Exercise details: With pictures left out, return only the lines from the line containing "YEHO アートギャラリー ソフト布団カバーセット" through the end of the material below, both included.

Dataset excerpt:
= Beginning of Section =
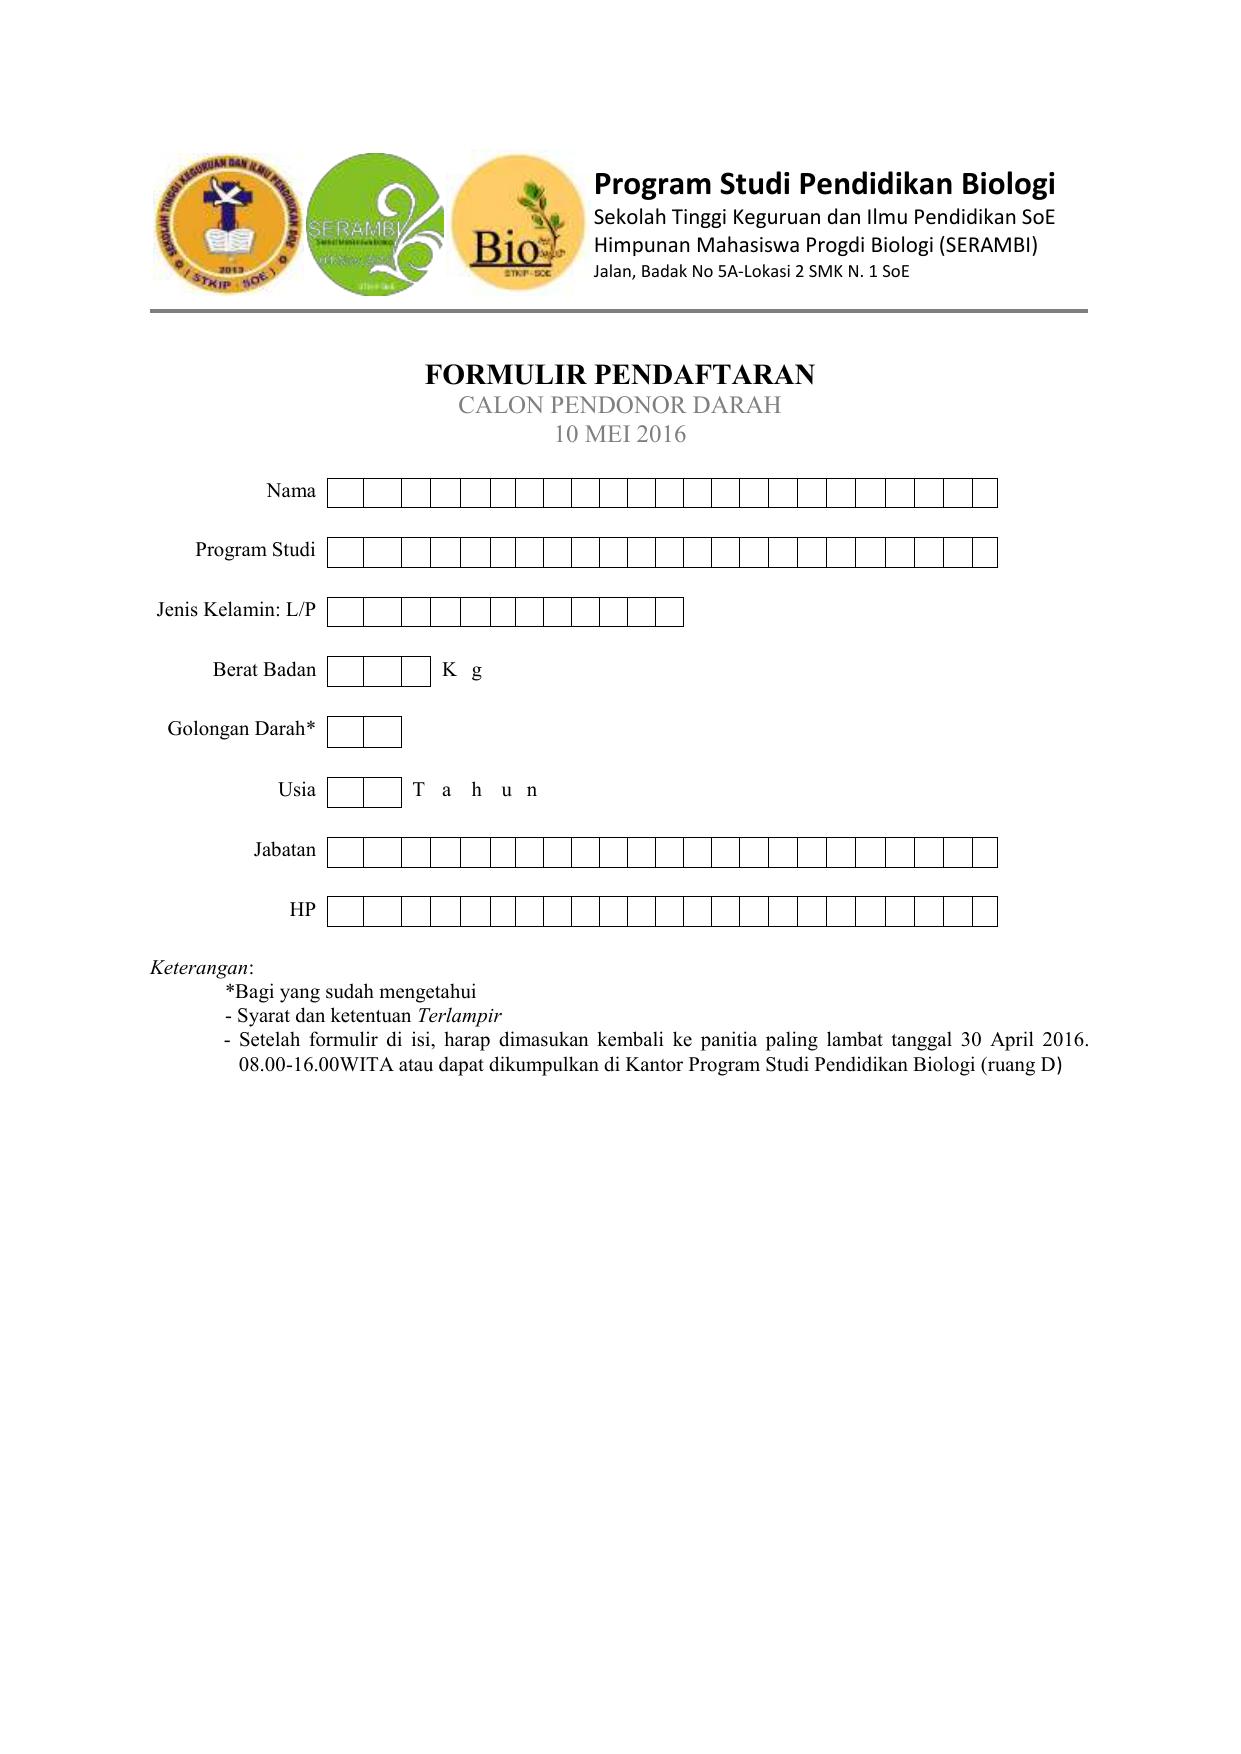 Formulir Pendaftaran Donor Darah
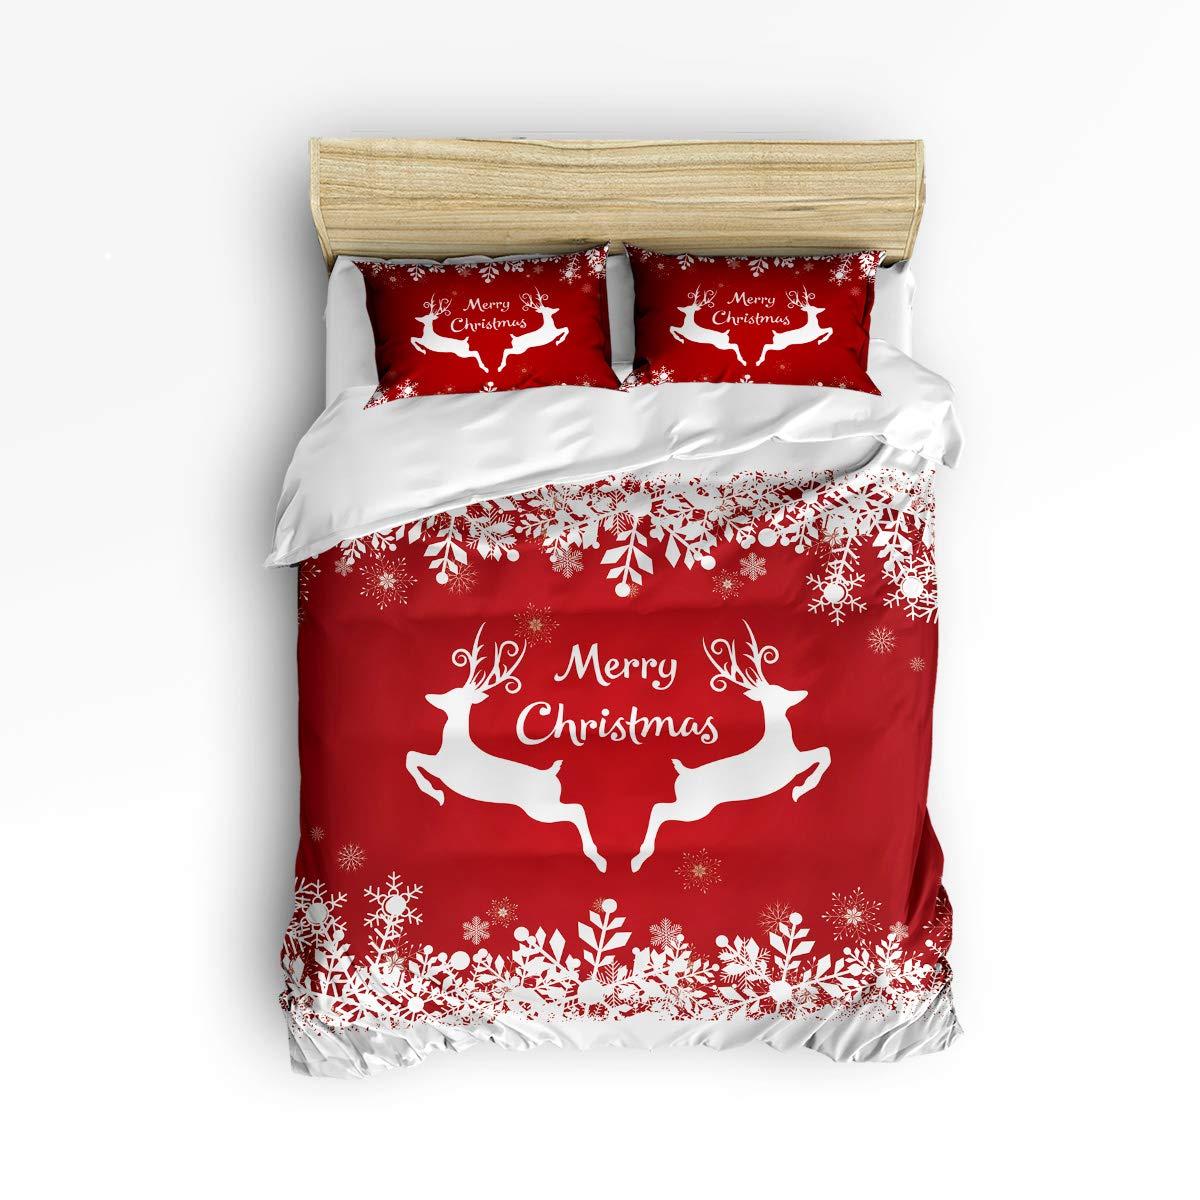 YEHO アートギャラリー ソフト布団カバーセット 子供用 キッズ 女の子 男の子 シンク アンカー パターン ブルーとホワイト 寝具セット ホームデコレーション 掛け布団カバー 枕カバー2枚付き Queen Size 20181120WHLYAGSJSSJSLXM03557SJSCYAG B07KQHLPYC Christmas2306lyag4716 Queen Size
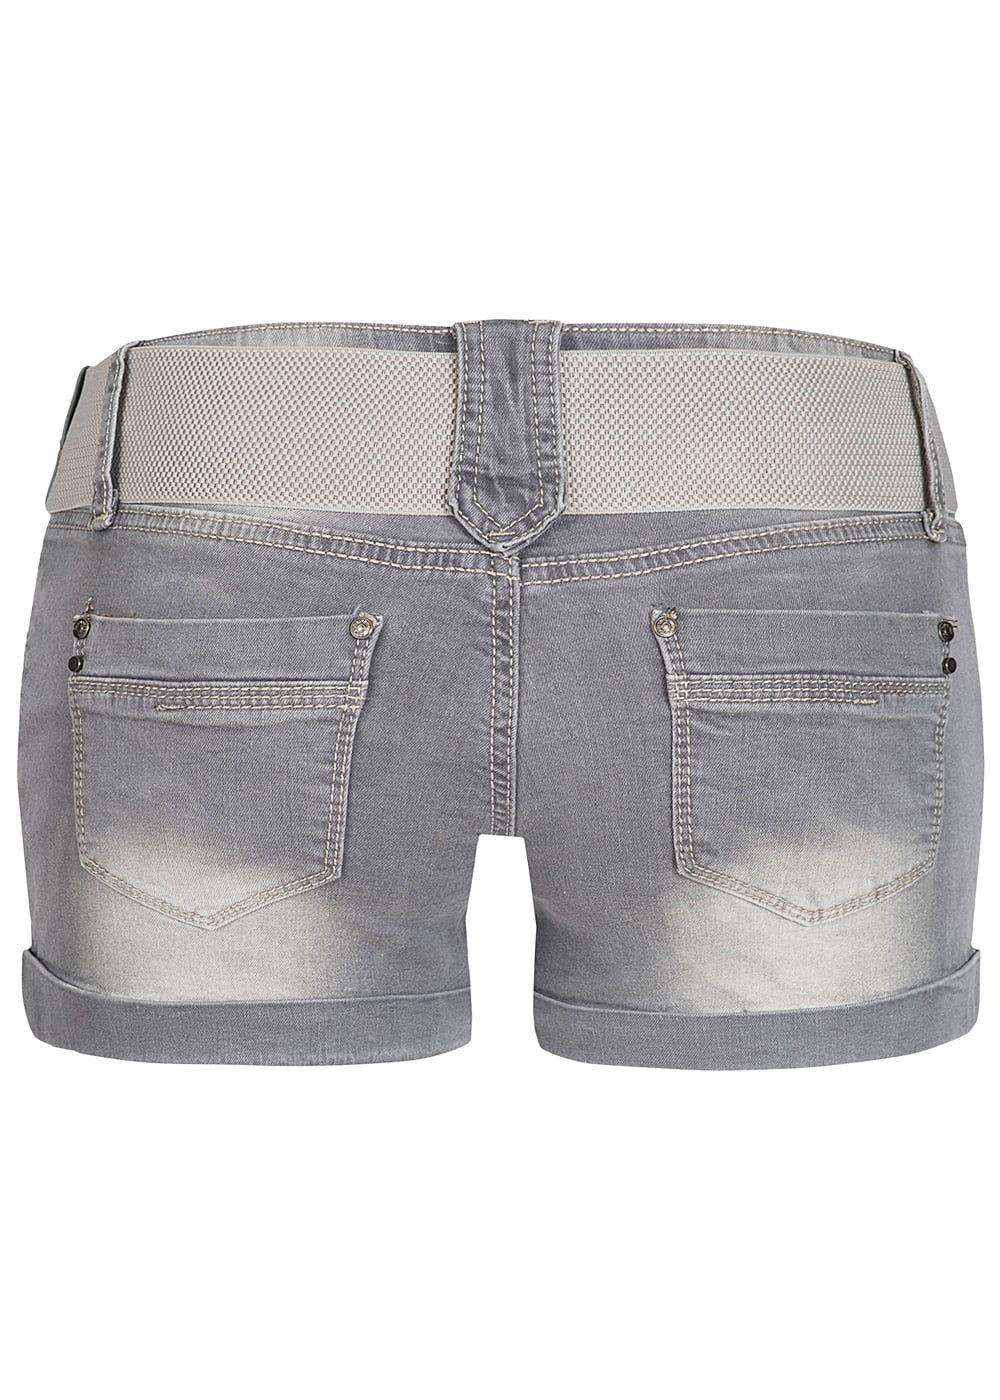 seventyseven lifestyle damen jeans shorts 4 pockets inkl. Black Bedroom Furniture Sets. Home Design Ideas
= End of Section =
Answer box:
 YEHO アートギャラリー ソフト布団カバーセット 子供用 キッズ 女の子 男の子 シンク アンカー パターン ブルーとホワイト 寝具セット ホームデコレーション 掛け布団カバー 枕カバー2枚付き Queen Size 20181120WHLYAGSJSSJSLXM03557SJSCYAG B07KQHLPYC Christmas2306lyag4716 Queen Size
 seventyseven lifestyle damen jeans shorts 4 pockets inkl. Black Bedroom Furniture Sets. Home Design Ideas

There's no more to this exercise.